More recently, different geometries of LOC have been implemented in order to realize automated devices to optically manipulate and analyse single cells with high-throughput so as to achieve statistically significant results. The trapping geometry based on two counter-propagating and non-focused laser beams has been extensively used to optically trap single particles and cells [32,33]. This dual beam laser trap is specifically suited for manipulating objects in a microfluidic environment: the laser beams, perpendicular to a microchannel, can be exploited to attract single cells from a flowing sample and hold them in place during analyses, such as imaging for size, morphology and structure inspection [34], or fluorescence and Raman spectroscopy [35]. As in the single beam case, the optical forces acting in this configuration can be divided in scattering and gradient force components. However, the particle will not be blocked, since the beam is not focused, but it will be pushed along the beam propagation direction, remaining in the maximum beam intensity region. Anyway, if the optical power of the two facing beams is balanced, the cell is stably trapped in the middle. In comparison to single beam optical tweezers, here, trapping is completely decoupled from the imaging optics and laser light intensities in the trapping region are two orders of magnitude lower. This is extremely important when cell viability has to be preserved to perform subsequent biochemical analysis. Non-focused laser traps have been exploited for the implementation of the optical stretching technique that allows for a reliable evaluation of single cells mechanical properties [36]. When the trapping optical power is increased a cell elongation is induced along the laser beam axis; by correlating the applied optical forces to the cell deformation the elastic modulus of the sample can be thus retrieved [37].
Optical forces can be exploited to manipulate objects even without directly impinging on them by exploiting evanescent waves that can be generated in correspondence to the interface between two media. This method can be particularly efficient when particles much smaller than the wavelength have to be trapped. The effects of evanescent waves were first investigated by Kawata and Sugiura [38]. They found that the particles were held on or close to the totally-internally-reflecting surface, and were transported along the surface by the transfer of momentum due to their scattered light.

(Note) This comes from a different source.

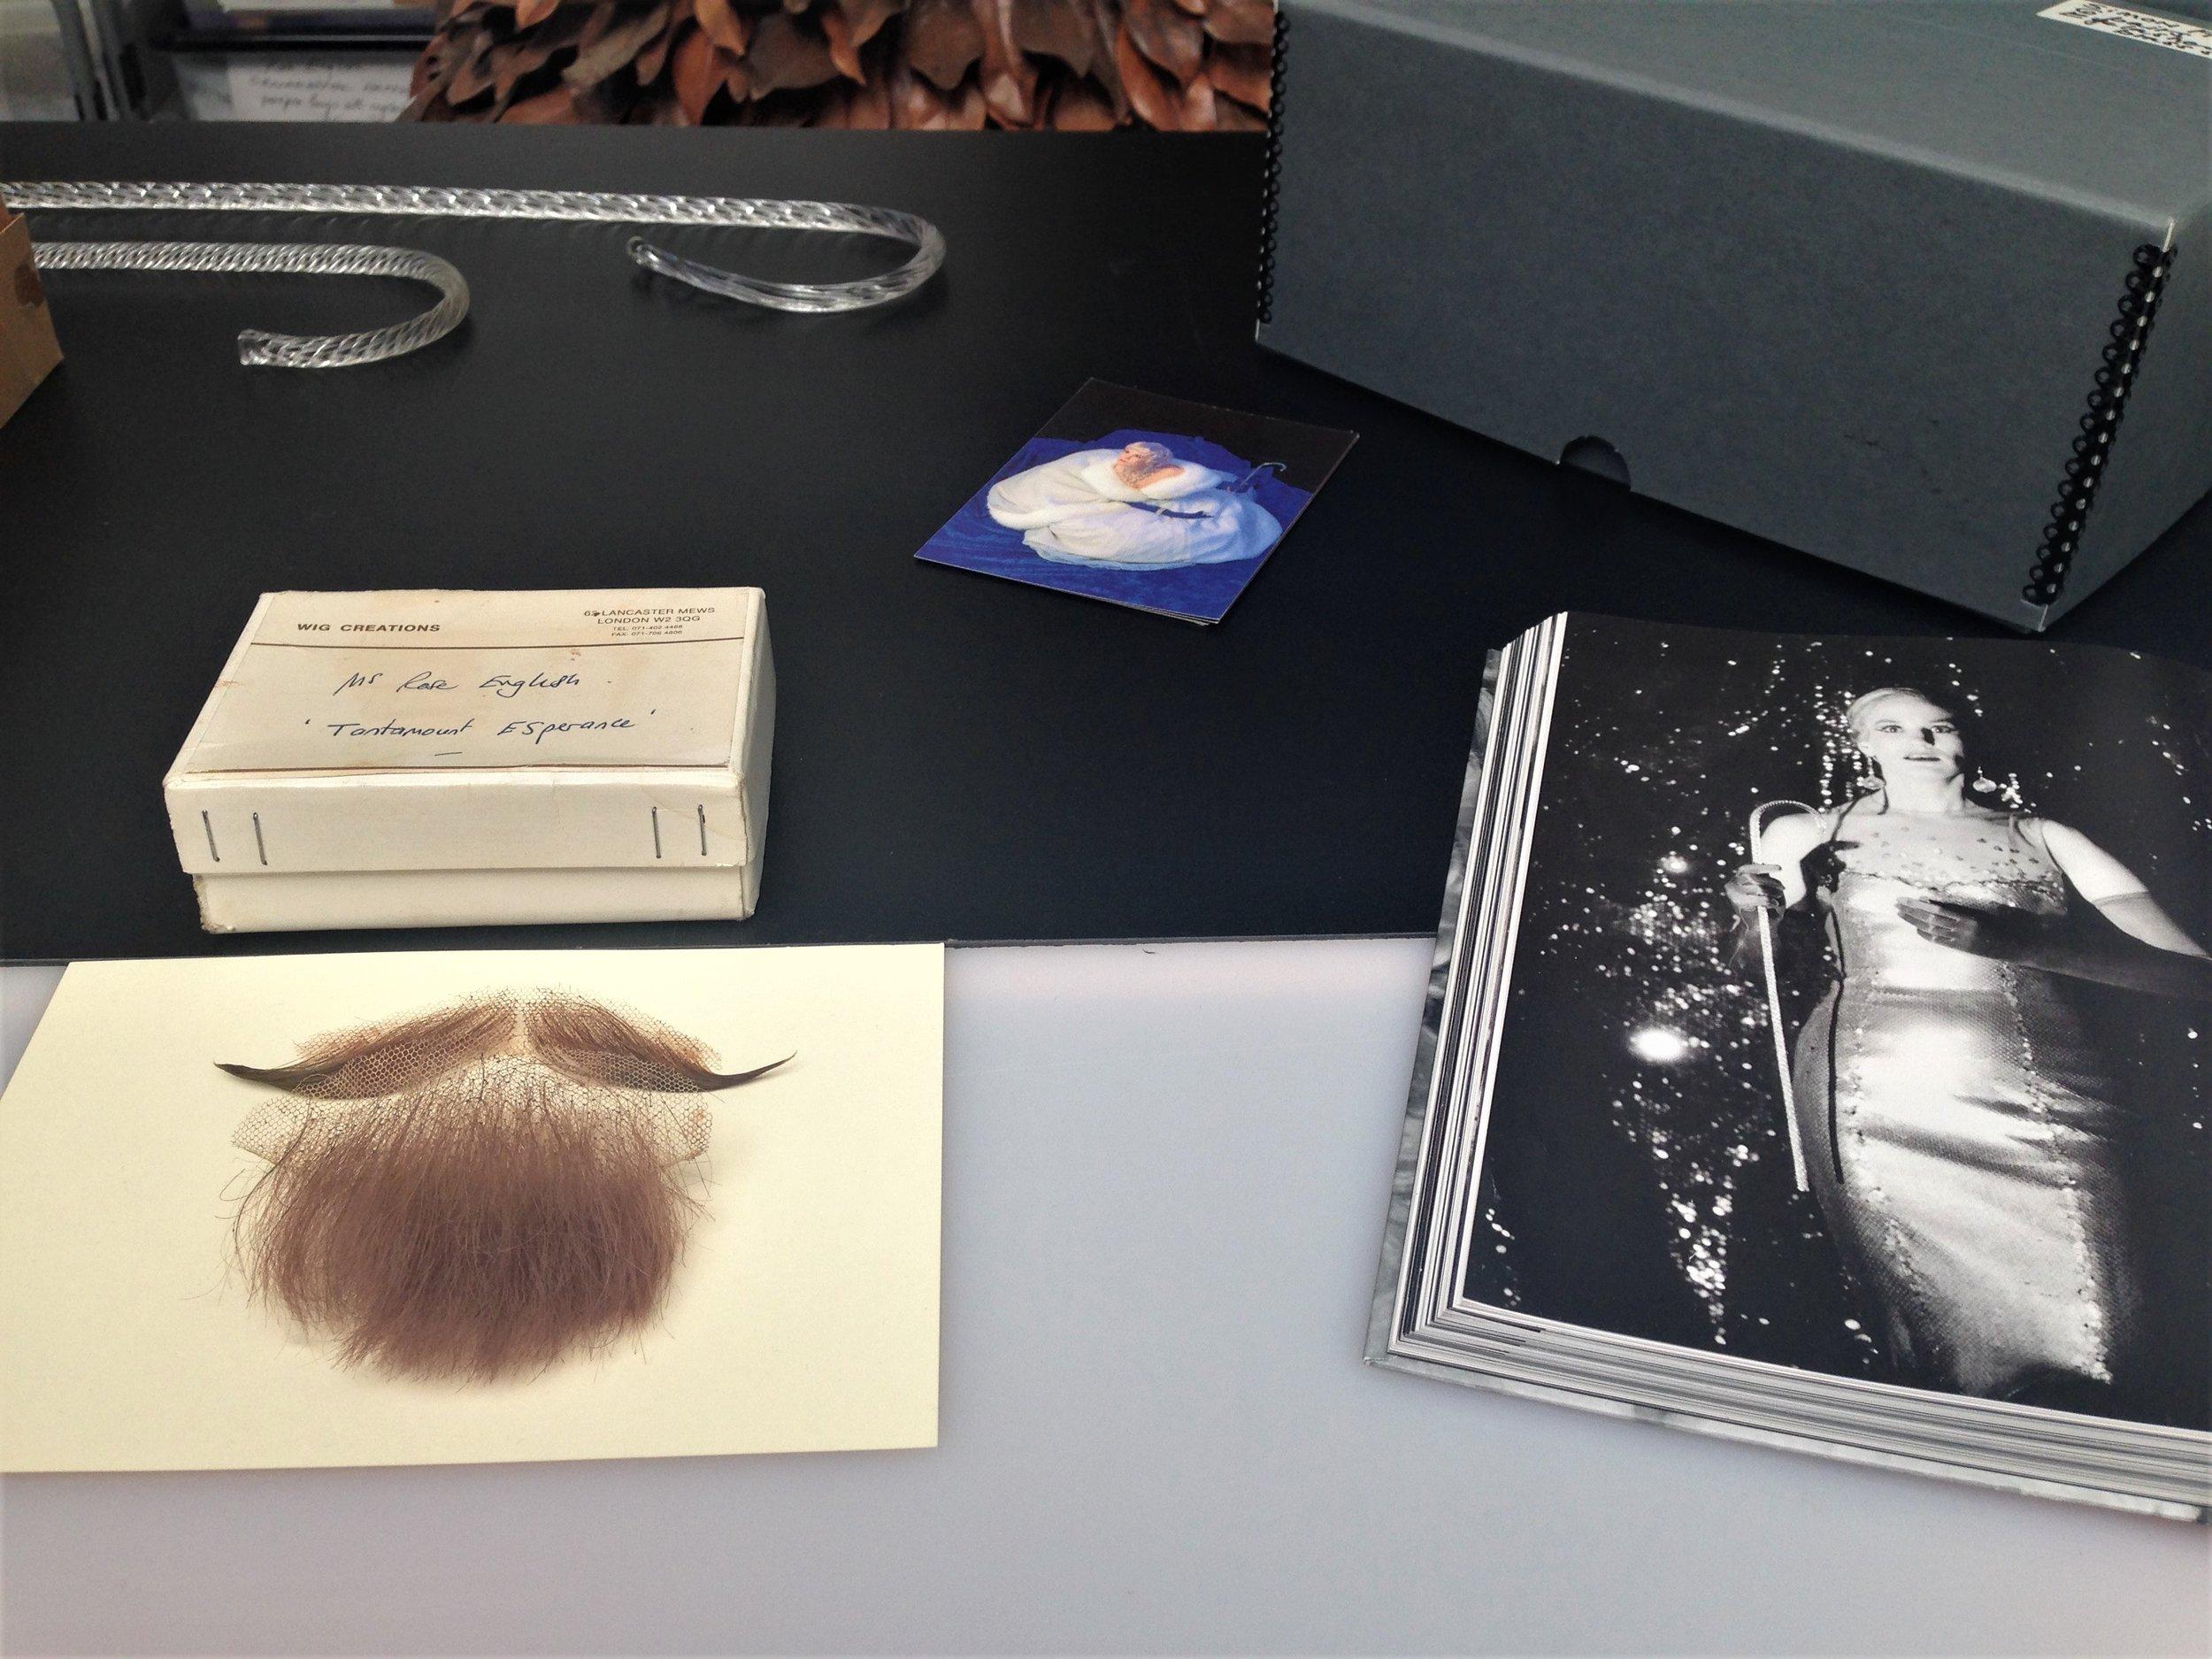 Rose English, Moustache and beard worn in 'Tantamount Esperance', 1994
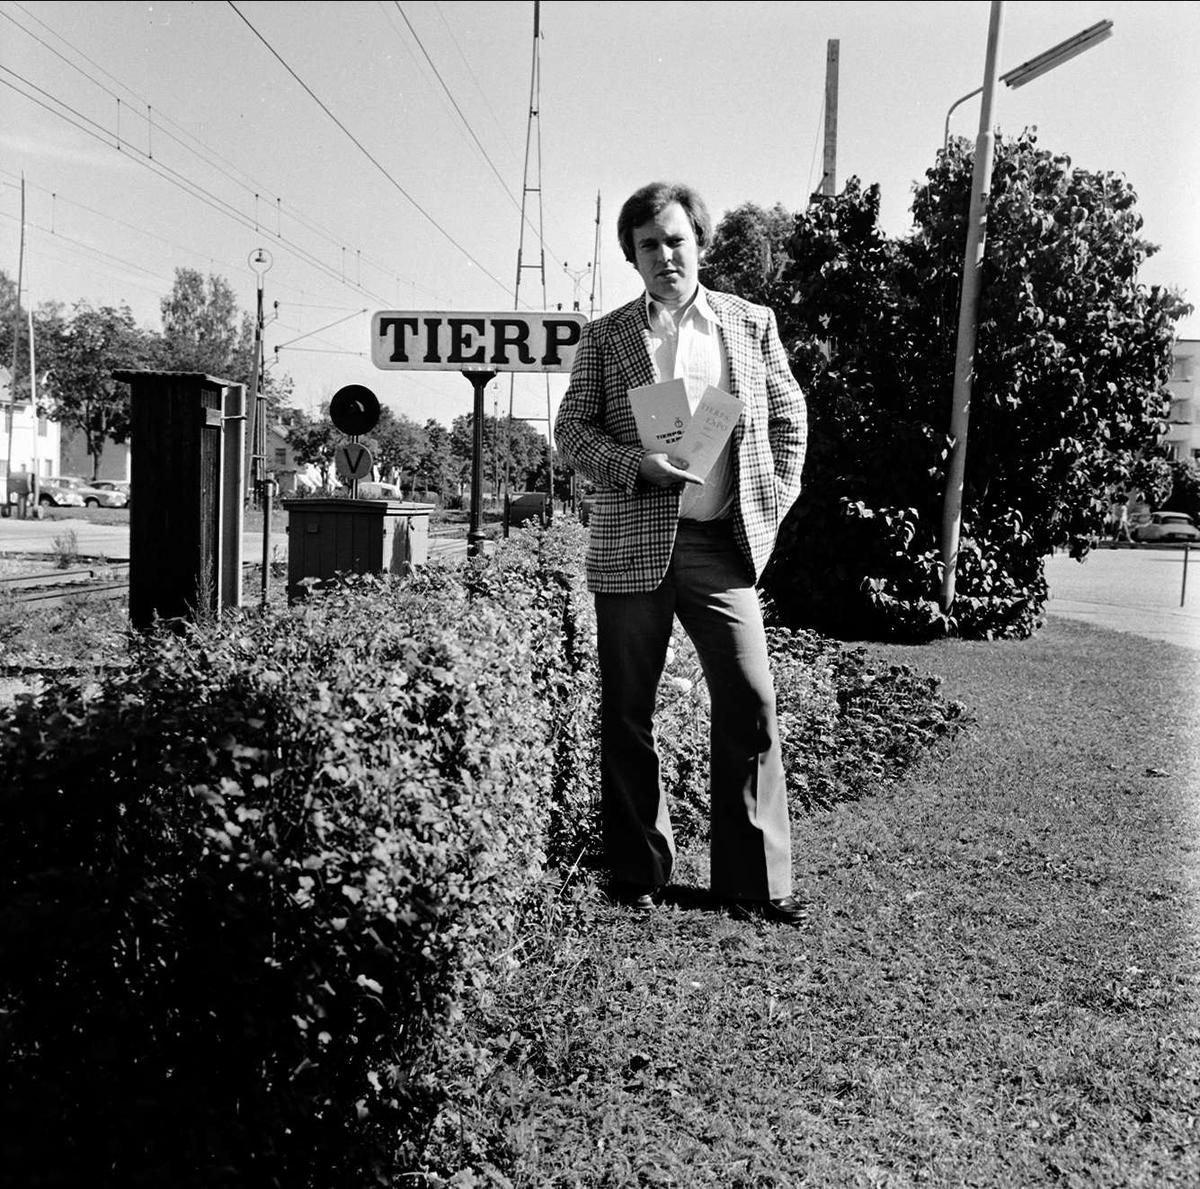 """Dags för 8:e Tierps-expo"", Tierp, Uppland augusti 1973"

Since this first demonstration, many examples of particle manipulation through evanescent waves have been presented exploiting different optical elements as waveguides, optical resonators, or plasmonic structures.
Independently from the optical manipulation method, the integration of optical traps in microfluidic environment allowed for obtaining microsystems capable of performing optical manipulation of single cells, as fluorescence analysis, mechanical probing, sorting, and collection, without damaging biological samples under investigations. In this paper we review significant examples of microfluidic devices exploiting optical forces to manipulate cells or particle: methods as single or dual beam laser trap and evanescent wave for optical manipulation are reported.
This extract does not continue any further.